李小民也只是救了這幾個人而已,而整條長街,都已被瘋鼠覆蓋,一眼看去,滿街都是瘋狂奔跑的老鼠,黑壓壓的一大片,令所有人惶恐萬分,四面奔逃,卻不及瘋鼠那般腳力快速,不過眨眼間,便撲到他們身上,將他們撲倒在地,大口大口地咬著。
李小民騎在馬上,遙望長街,臉現凝重肅穆之色,雙手放在胸前,手捏法訣,喃喃念誦真言,突然雙目中睛光暴射,大吼一聲:「咄!孽障受死!」
這一聲斷喝,仿若雷霆一般,震得整條長街,轟然巨響,房屋都不禁在震響中顫抖。所有聞聲之人,都渾身劇震,呆若木雞,半晌方才能回過神來。
這一聲大吼,內含大金剛法力,卻不是對付人的,主要目標卻是那些老鼠。
狂吼聲中,便似一個個巨錘砸在猛鼠身上,震得它們狂跳而起,耳中鮮血迸流,放聲尖叫著,痛苦不堪地在地上打滾,鼻口之間,也緊跟著流出血來,已被這一聲震破了肺腑,個個都只能在地上垂死掙扎。
不僅是老鼠,整個長街之上的非人生物,如雞犬之類,盡都翻身倒地,痛苦慘叫不已。除了那匹戰馬騎在李小民的胯下,受他庇佑之外,其他動物,盡遭這一聲所襲,便是不死,也去了半條命。

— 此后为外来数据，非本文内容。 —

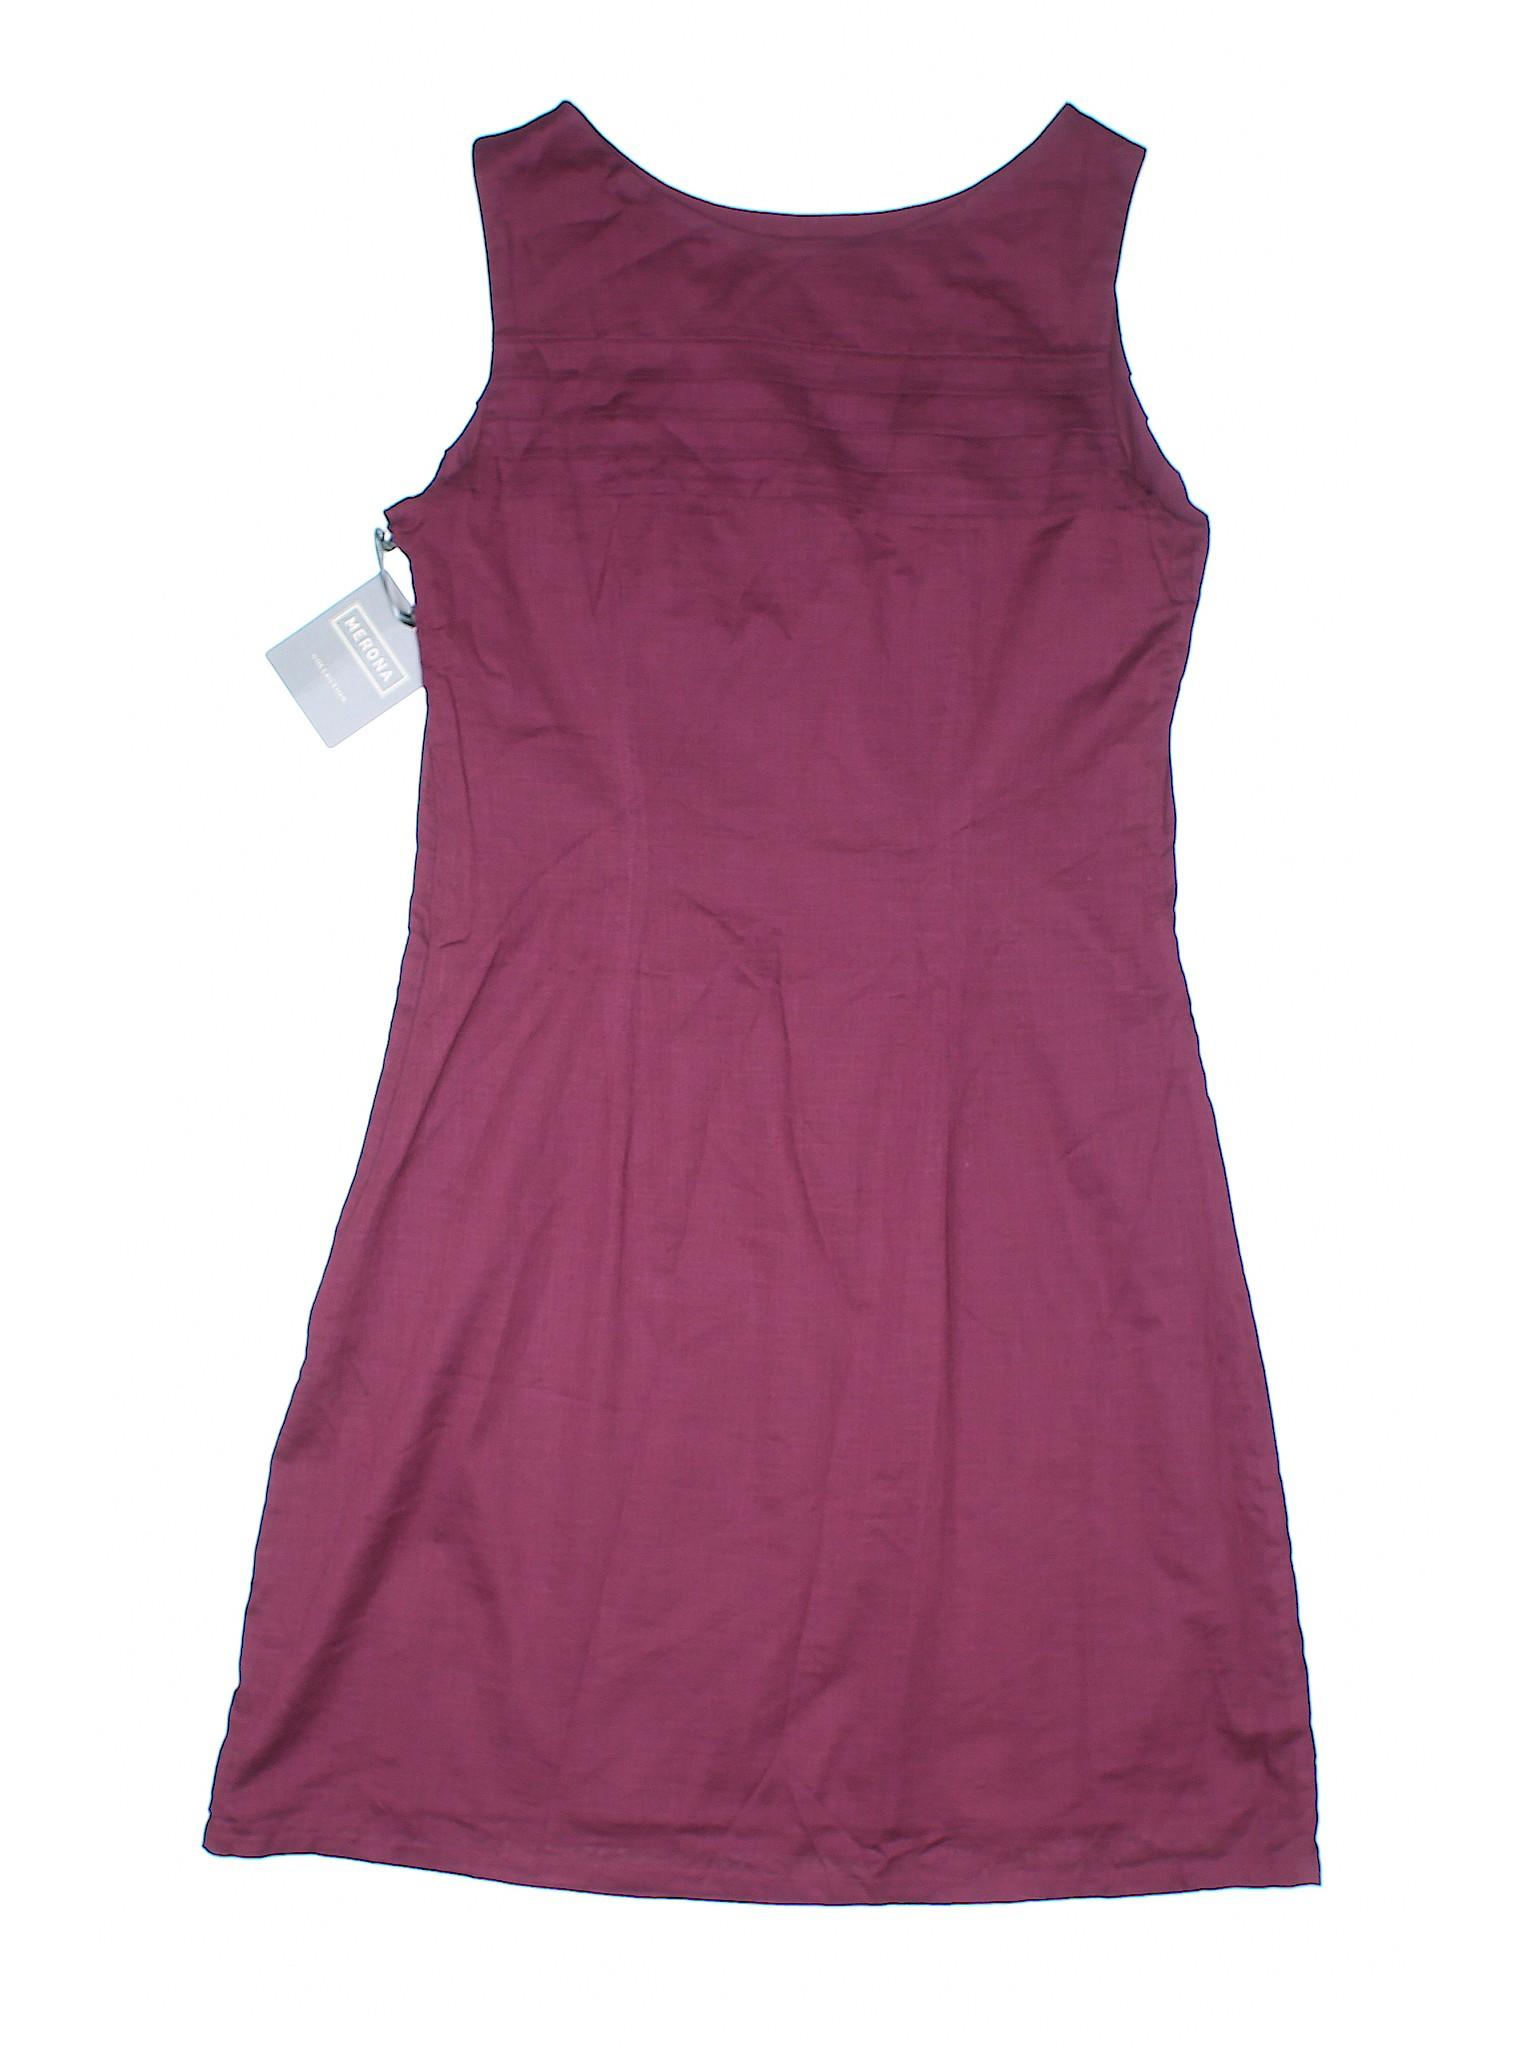 Dress Boutique Merona Boutique Casual Merona winter winter fxxqwvgY

李小民吼出了這一聲,也覺氣短胸悶,慌忙運起仙力治療,只覺仙力在體內流轉,胸悶的感覺大為減輕,舉目望去,但見滿條長街之上,儘是瘋狂嘶叫翻滾的老鼠,不由一陣噁心,扭頭不再去看。
這一轉頭,眼角處忽然看到,在前方,尚有一個小洞,有許多老鼠正在源源不斷地向外奔跑著。
老鼠們似是被這邊同伴的慘狀所驚擾,不敢靠近李小民這邊,轉頭向另一邊逃去。它們不僅在大街上狂奔,還衝到人家之中,到處亂咬,將人家的東西咬破,便是人的手腳,也要咬出幾個大口子出來。

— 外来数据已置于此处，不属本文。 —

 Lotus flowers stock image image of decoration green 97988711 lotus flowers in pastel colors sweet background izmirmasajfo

李小民大驚失色,看得有一支老鼠隊伍,便是直奔自己那所私宅去的。在那宅子裡面,還有兩個嬌滴滴的美人兒,怎麼能讓她們受到老鼠的侵害?
他舉起馬鞭,狠狠一鞭抽下,戰馬吃痛,大步狂奔,直向那向私宅奔去。
馬蹄起處,無數老鼠被鐵蹄踩得骨碎肉裂,死於非命。李小民也顧不得去看,拍馬狂奔,眨眼間便奔過長街,一直馳到那處私宅前方。
私宅還關著大門,李小民跳下馬來,但見此處地面已經是乾乾淨淨,沒有那些噁心的老鼠,心中卻絲毫不敢怠慢,一腳踹在大門上,但聽轟然巨響,閂著的大門竟被他這一腳,狠狠踹倒,轟然倒在地上,將地面上亂跑的老鼠,砸死無數。
大門落地,激起煙塵障天,李小民也不顧那麼多,踩過大門,大步奔進府中。
這一刻,他所牽掛的兩個美女,正在經受畢生最大的驚嚇!
女性天生最是害怕老鼠,私宅中的兩個女主人,方才正坐在院中喝茶閒聊,親密得便如姐妹一般,突然看到一群老鼠從大門旁邊的狗洞鑽進來,見人就咬,這般驚嚇,豈是一般女性所能抗拒!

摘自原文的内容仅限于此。